JackieHanLab / SenCID

Senescent Cell Identification
MIT License
21 stars 1 forks source link

Inconsistent AUC results for demo #13

Open Hira8023 opened 1 month ago

Hira8023 commented 1 month ago

Hello, very useful tool! I learned the SenCID following the demo/SenCID_tutorial.ipynb. When I ran it more than one times, I can't get the consistant AUC values. I seted adata.obs['condition'] as the ground true label and calculated the AUC with the function roc_auc_score().

Y_test=adata.obs['condition'].astype(int) pb_results = adata.obs['SID_Score'] auroc_score = roc_auc_score(Y_test, pb_results)

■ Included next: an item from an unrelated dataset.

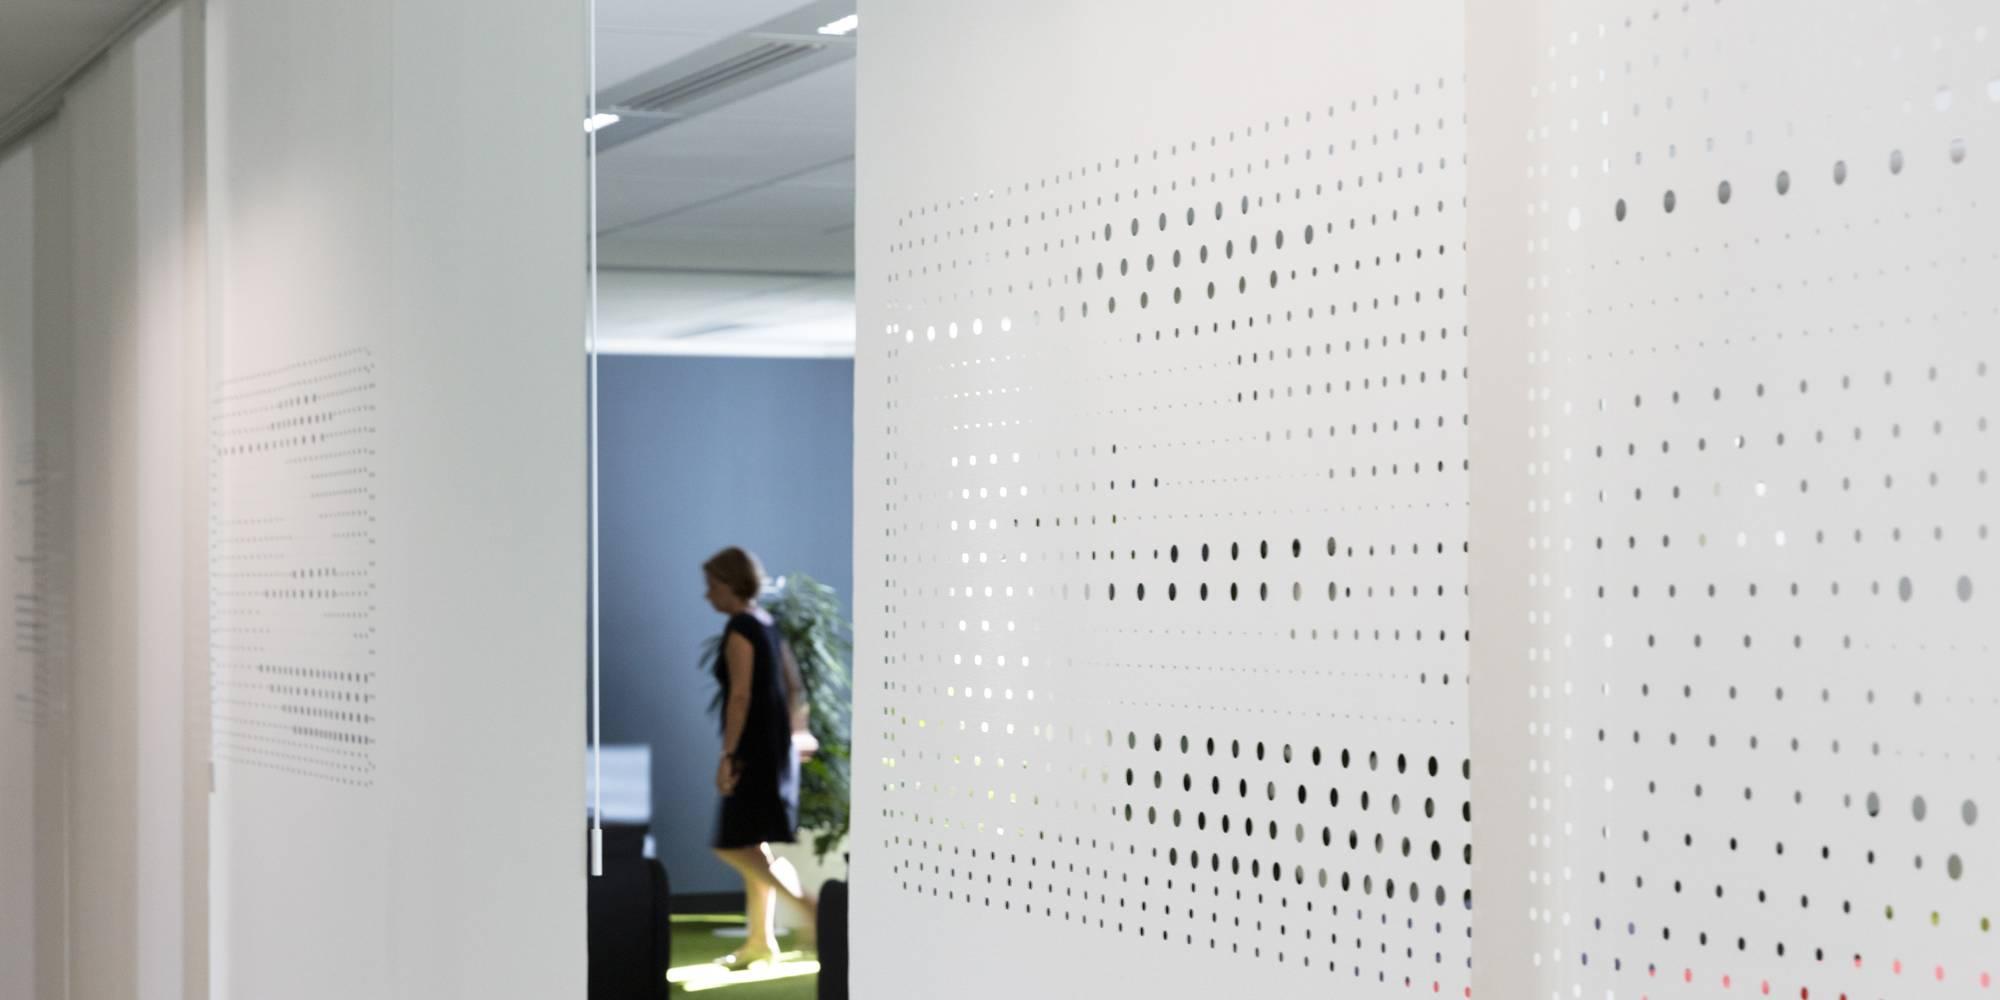 Dessin exclusif sur panneaux coulissants en séparation d'espaces

The auroc_score is 0.972083 or 0.982708.

Is it a randomness step inside the model? How can I set it up to get consistent results?

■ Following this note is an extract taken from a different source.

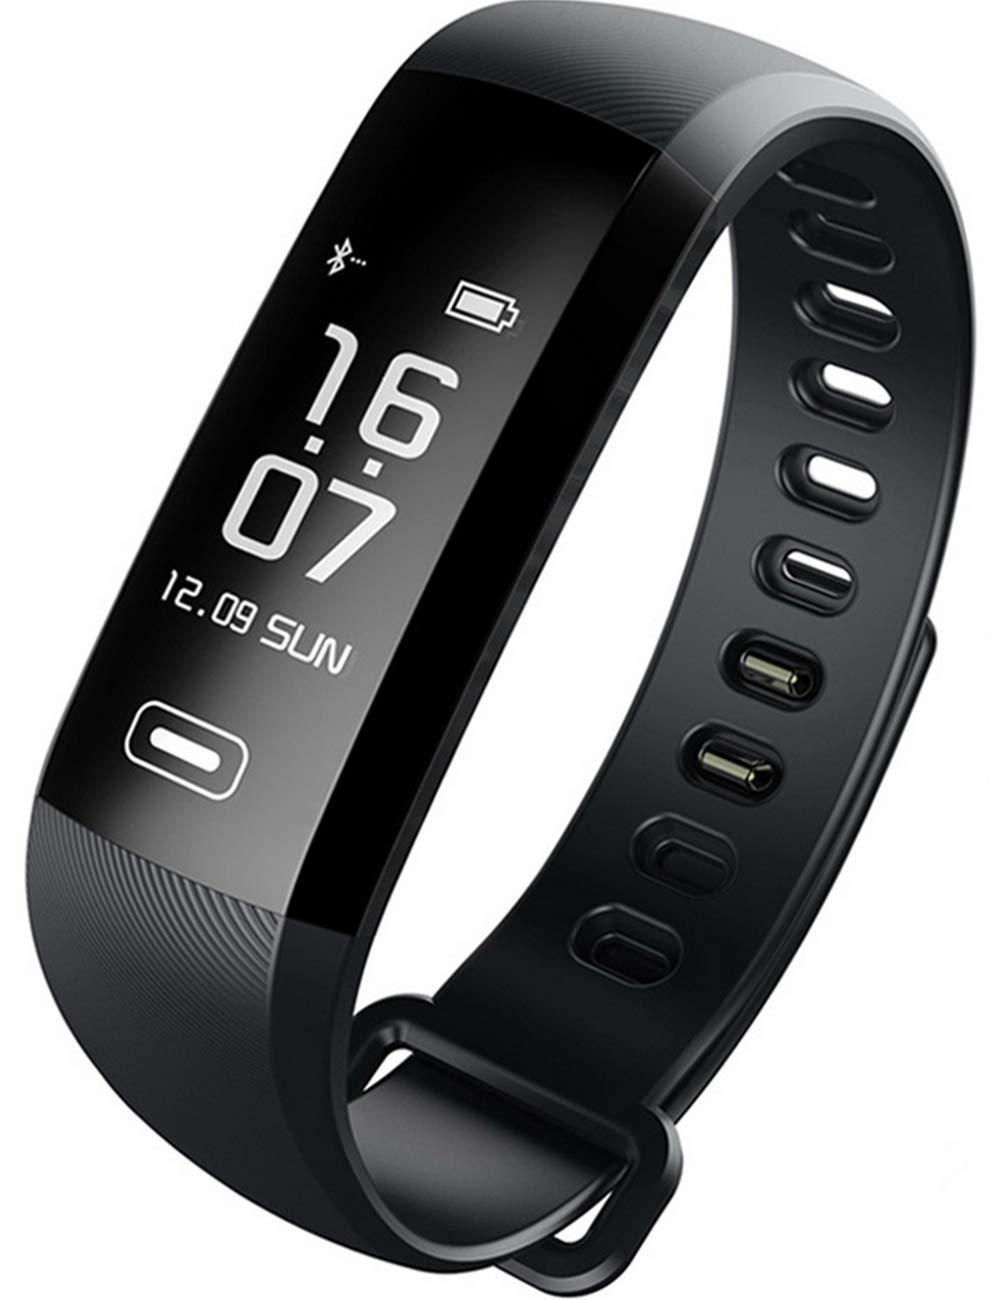 Pulsera Actividad Reloj Inteligente Fitness Tracker Multifuncional Cuenta Pasos CaloríAs, Smartwatch Fitness Tracker Para Hombre Y Mujer 1

SherryMiyano commented 3 weeks ago

Hi, thanks for the support of SenCID!

The randomness results from the imputation of single cell data, which uses an autoencoder model DCA. Generally, it would not cause large difference between two rounds of the same data. Since there was no setups in that dependency to keep the result constant (I myself tried to set seed for that but failed), it would not do for SenCID. But you may keep the intermediate result from DCA by setting parameter: 'savetmp = True', which will save the imputed matrix for any need for reproduction.

Another thing to be noted is that, for bulk RNA-seq data, there's no need to impute the matrix, so the results from bulk RNA-seq is always consistent by turning off DCA imputation (by setting parameter denoising = False).